_WHAT YOU WILL DO_
A verbatim copy of all the data is required; the pictures should not appear in it.

==== DATA PROVIDED ====

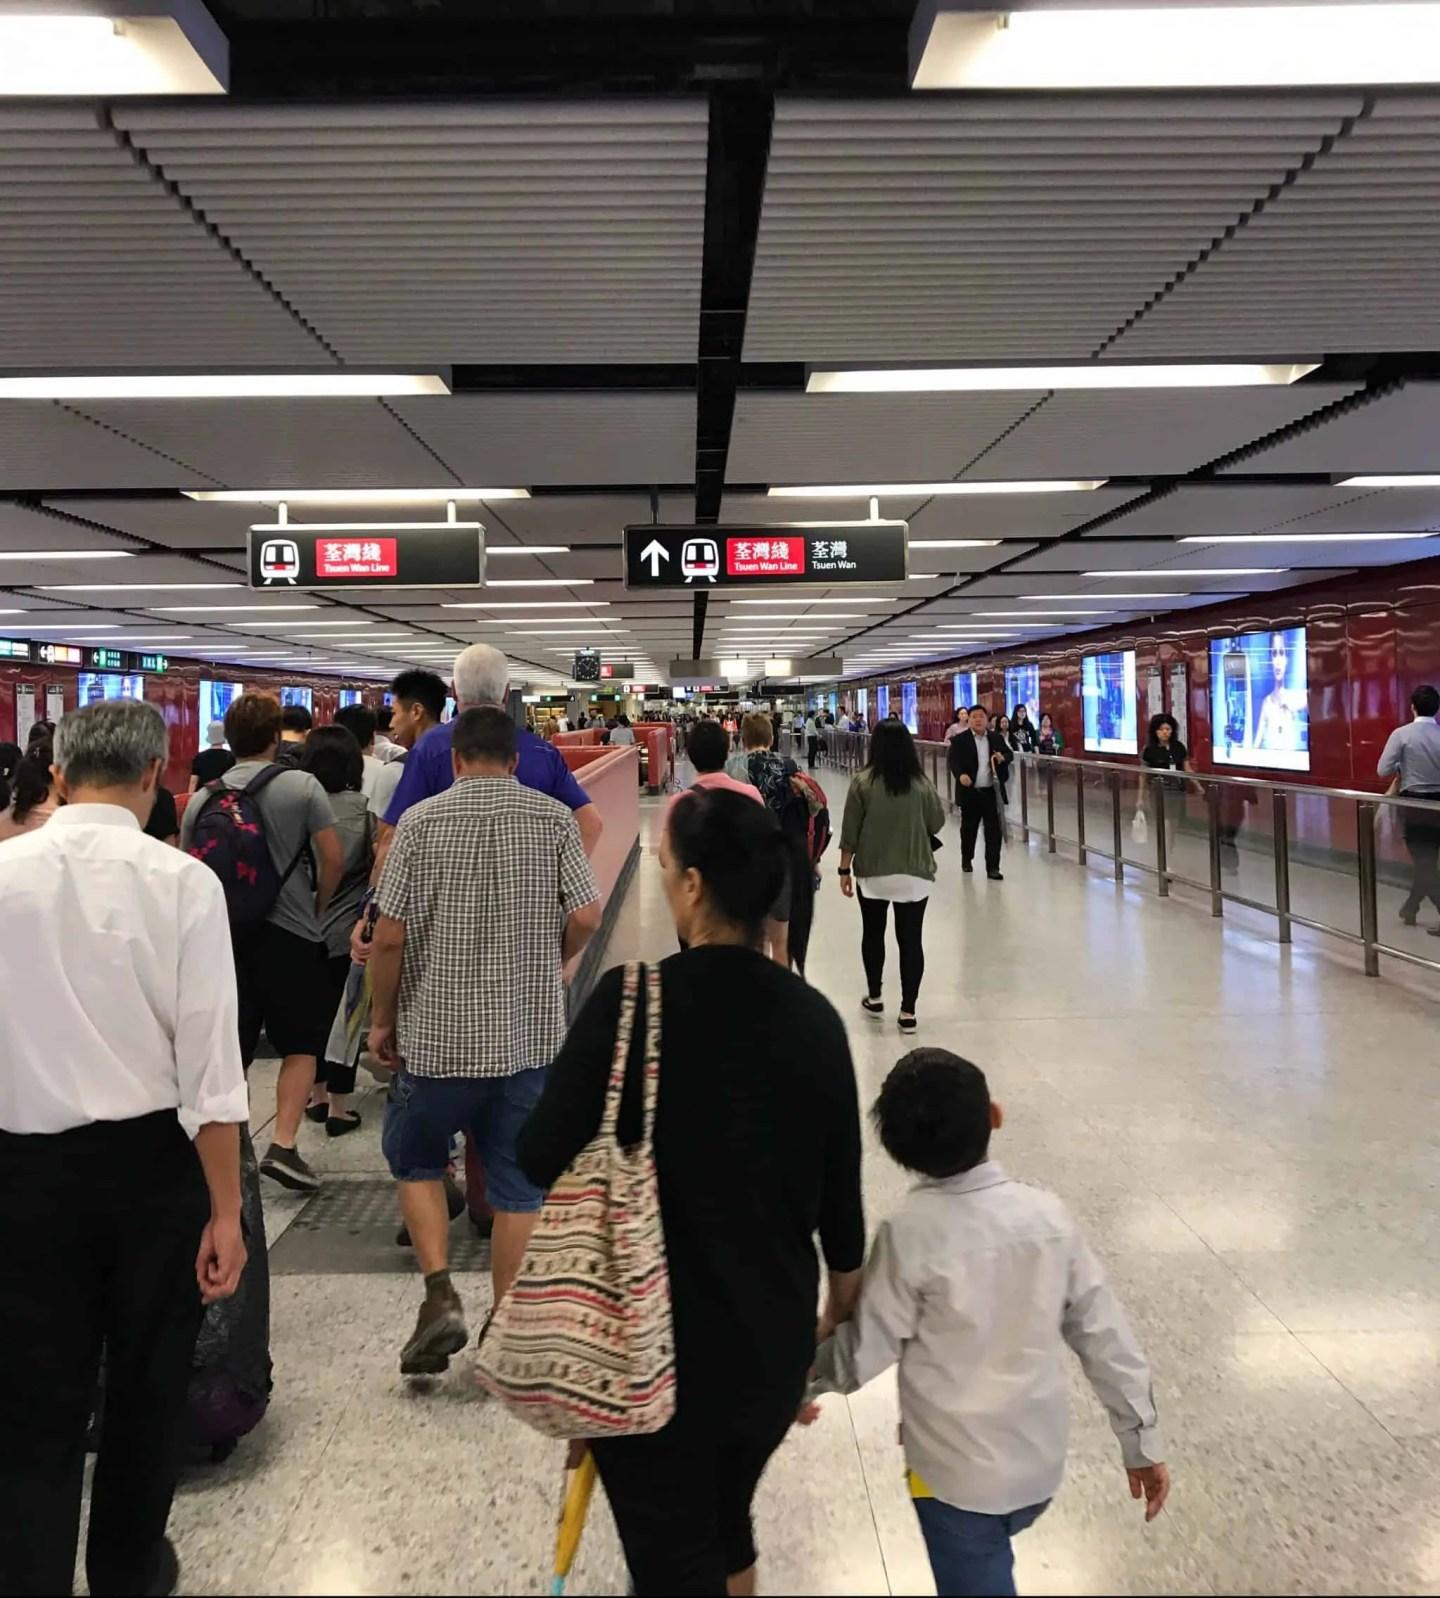 Hong Kong MTR, Victoria Harbor, 3 days in Hong Kong itinerary, Hong Kong long weekend, things to do in Hong Kong for 3 days
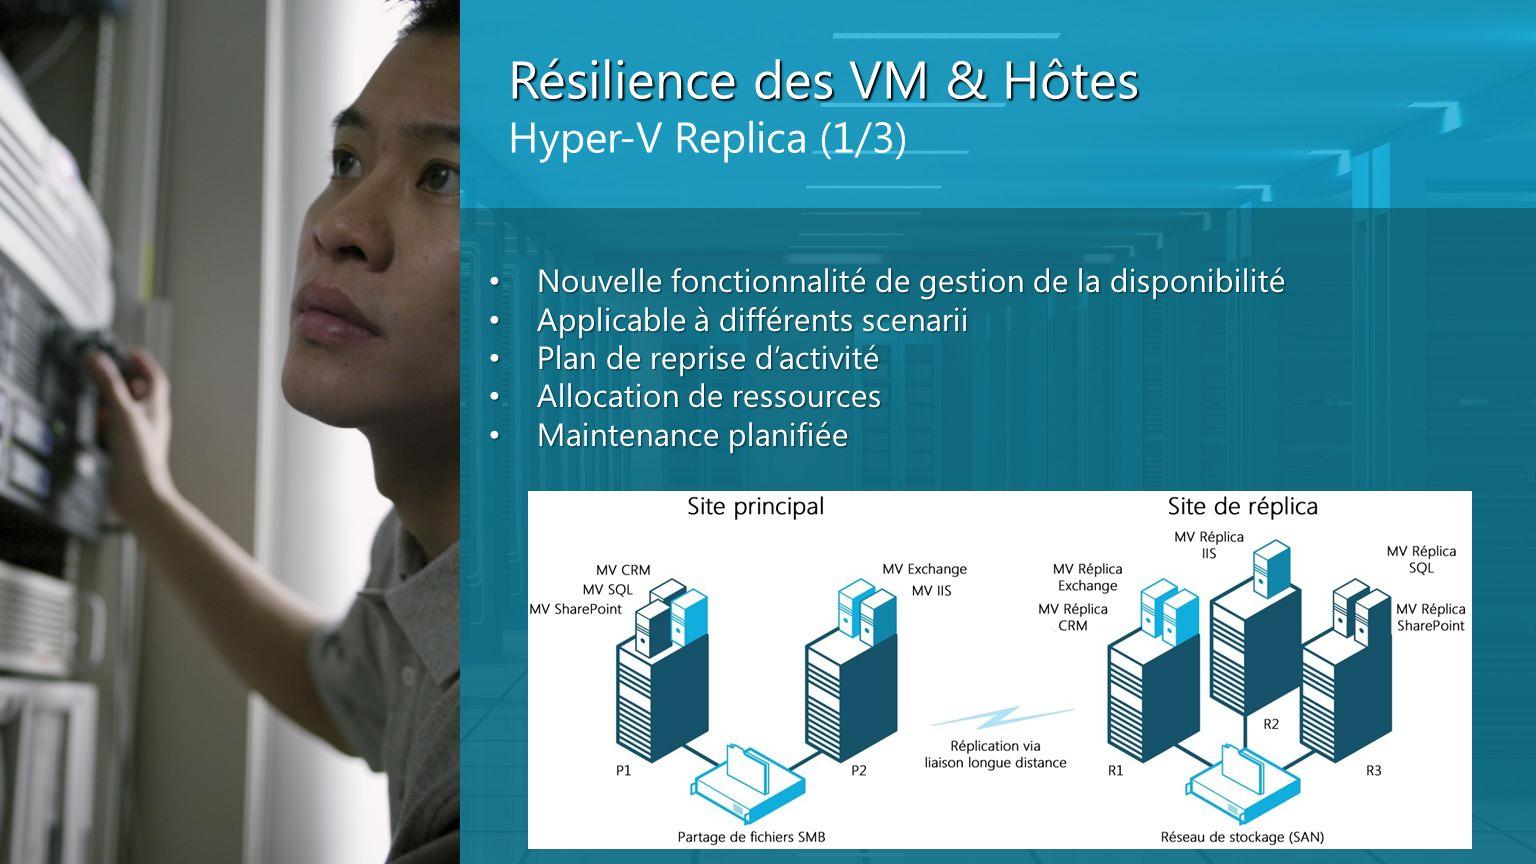 Résilience des VM & Hôtes Hyper-V Replica (1/3) Nouvelle fonctionnalité de gestion de la disponibilité Nouvelle fonctionnalité de gestion de la dispon
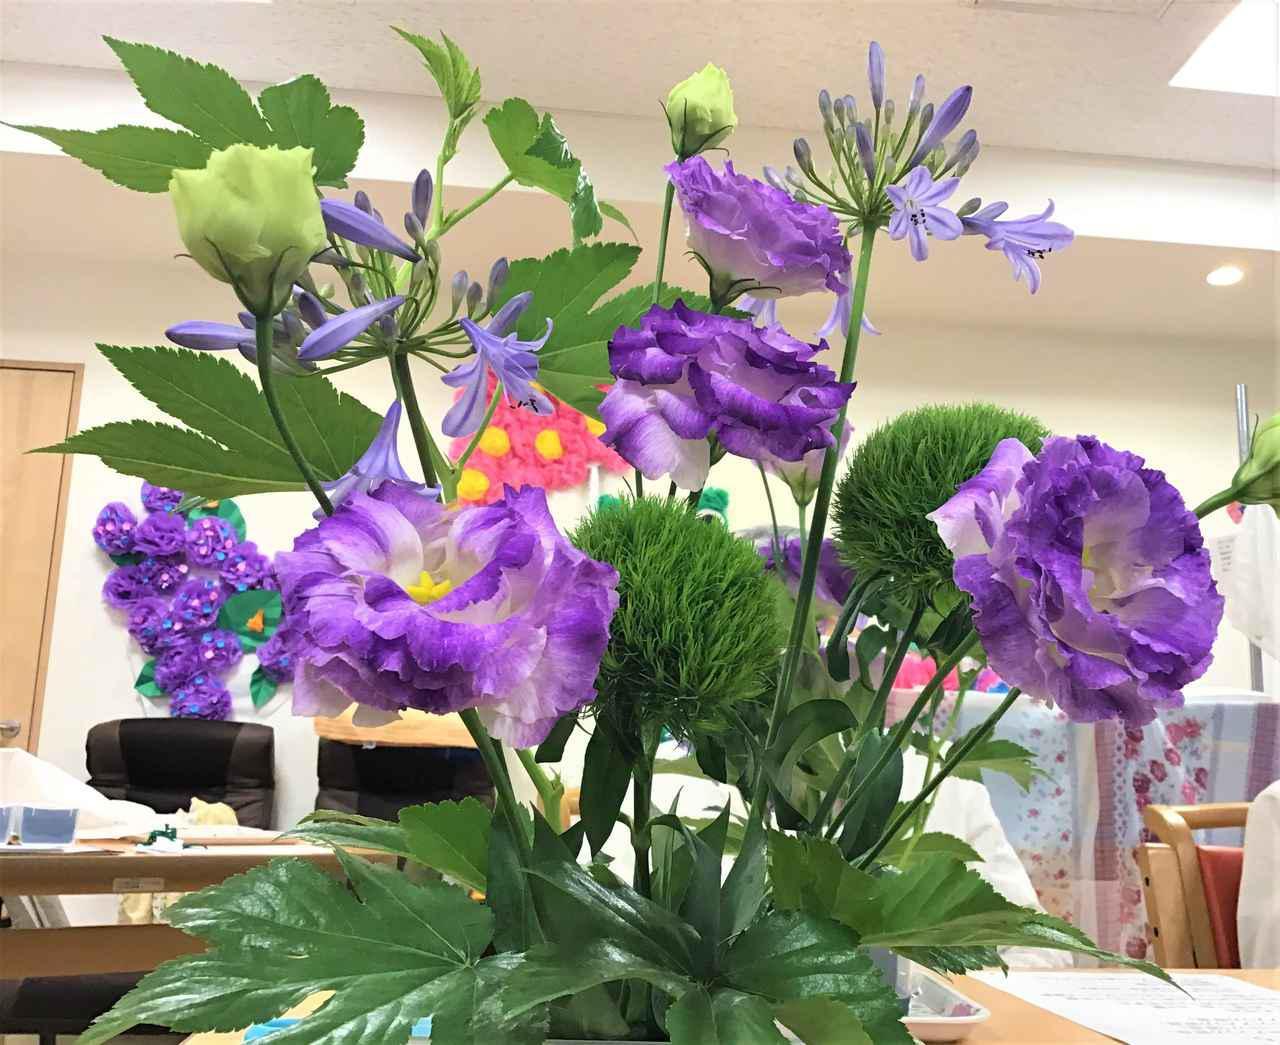 画像2: 本日のお花たちをご紹介いたします。

====

_SOLUTION_
 Hong Kong MTR, Victoria Harbor, 3 days in Hong Kong itinerary, Hong Kong long weekend, things to do in Hong Kong for 3 days
 Résilience des VM & Hôtes Hyper-V Replica (1/3) Nouvelle fonctionnalité de gestion de la disponibilité Nouvelle fonctionnalité de gestion de la dispon
 画像2: 本日のお花たちをご紹介いたします。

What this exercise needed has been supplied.